As previously mentioned, one possible explanation for this is that if the coefﬁcient
of friction of faults in smectite-rich shales is lower than 0.6, higher stress values would
be predicted using equation (9.6) and hence better ﬁt the observed data at depth. For
example, a coefﬁcient of friction as low as 0.2 results in an empirical coefﬁcient in
equation (9.6)of 0.67, closer to the values for K i that should be used at depth as argued
by Matthews and Kelly (1967).
Finally, Holbrook, Maggiori et al.(1993) proposed a porosity based technique for
estimation of the least principal stress based on a force-balance concept:

S hmin = (1 − φ)(S v − P p ) + P p (9.7)
As porosity of overpressured shales is typically ∼35%, it yields similar values to that
predicted with K i ∼ 0.65 in the Matthews and Kelly (1967) relation for overpressured
shales at depth, but would seriously overestimate the least principal stress in the cases
presented in Figures 9.4–9.7.
Figure 9.9 presents calculated values (in units of equivalent mud weight in ppg) for
the magnitude of the least principal stress for an offshore well in the Gulf of Mexico
using the the formulae presented in Table 9.1 and discussed above.

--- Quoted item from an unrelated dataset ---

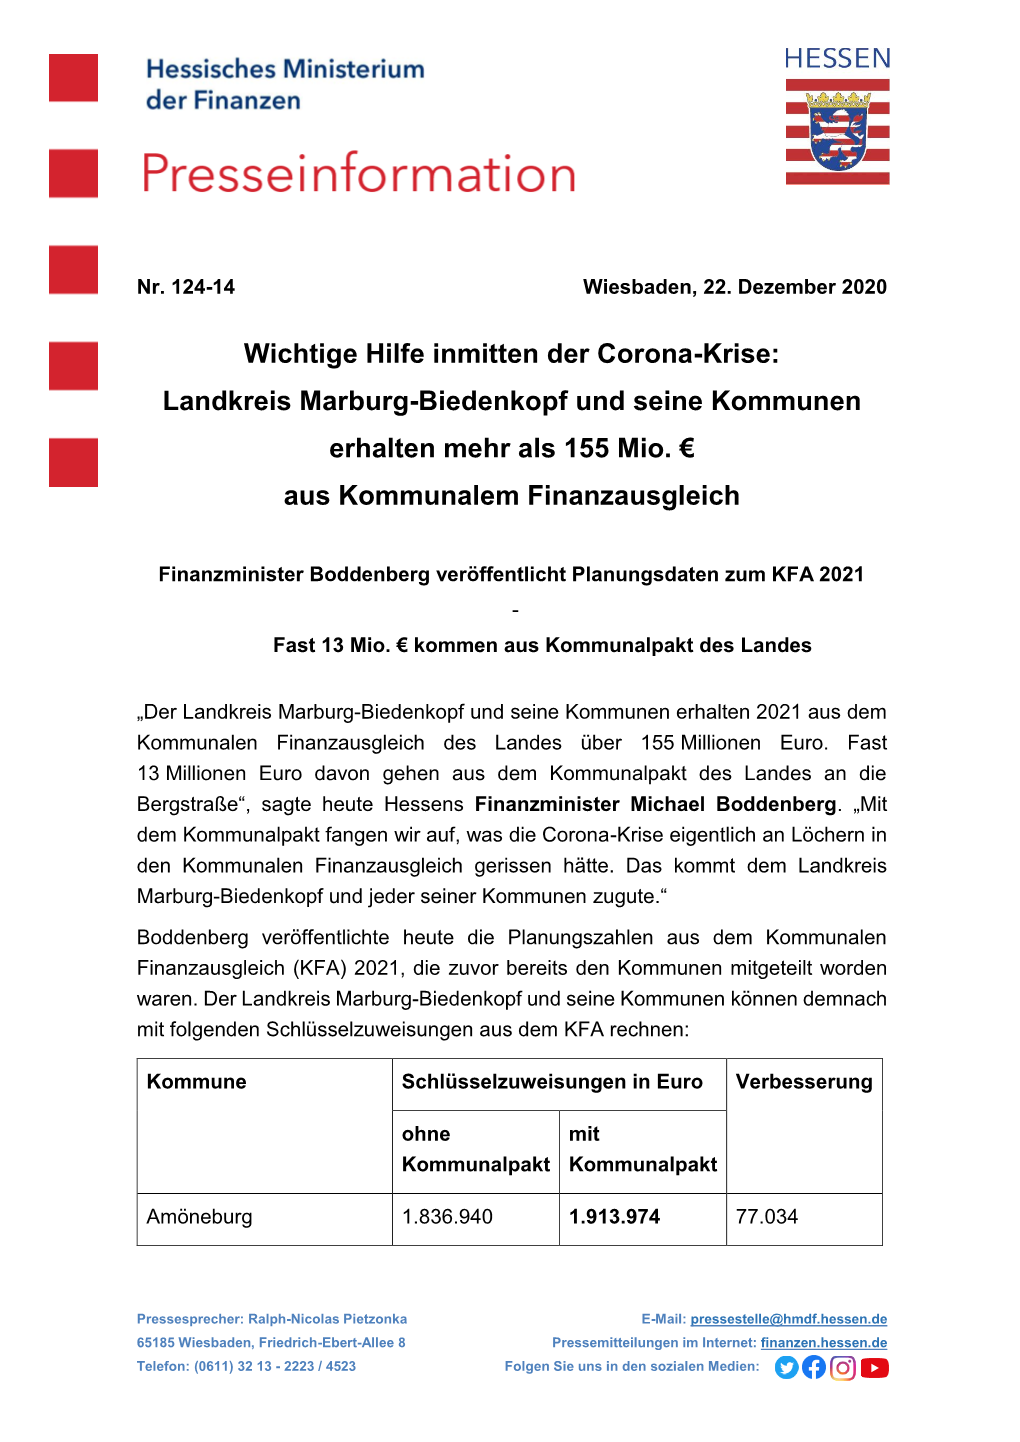 Wichtige Hilfe Inmitten Der Corona-Krise: Landkreis Marburg-Biedenkopf Und Seine Kommunen Erhalten Mehr Als 155 Mio

Input data include
the vertical stress (calculated from integration of the density log), pore pressure and
Poisson’s ratio (determined from P- and S-wave sonic velocity measurements). Curve a
illustrates the technique of Zoback and Healy (1984), curve b that of Breckels and Van
Eekelen (1981), curve c that of Hubbert and Willis (1957) using the modiﬁed empirical
coefﬁcient of 0.5, curve d is that of Holbrook, Maggiori et al.(1993) and curve e is that
of Eaton (1969). At a depth of 4000 feet, where pore pressure is hydrostatic, there is a
marked variation between the predictions of the various techniques with the method of
Zoback and Healy (1984) (or that of Hubbert and Willis 1957 with an empirical constant
of 0.3) which yields the lowest values of S hmin (slightly in excess of 11 ppg). Recall from
the discussion above that where pore pressures are hydrostatic, the lower estimates of
the least principal stress seem to be more representative of measured values. Also, as
illustrated above in Figures 9.4–9.6, this technique seems to predict the least principal
stress well in cases of cemented rocks in normal faulting environments. Note also that at
this depth, the technique of Eaton (1969) predicts much higher values (about 14.5 ppg).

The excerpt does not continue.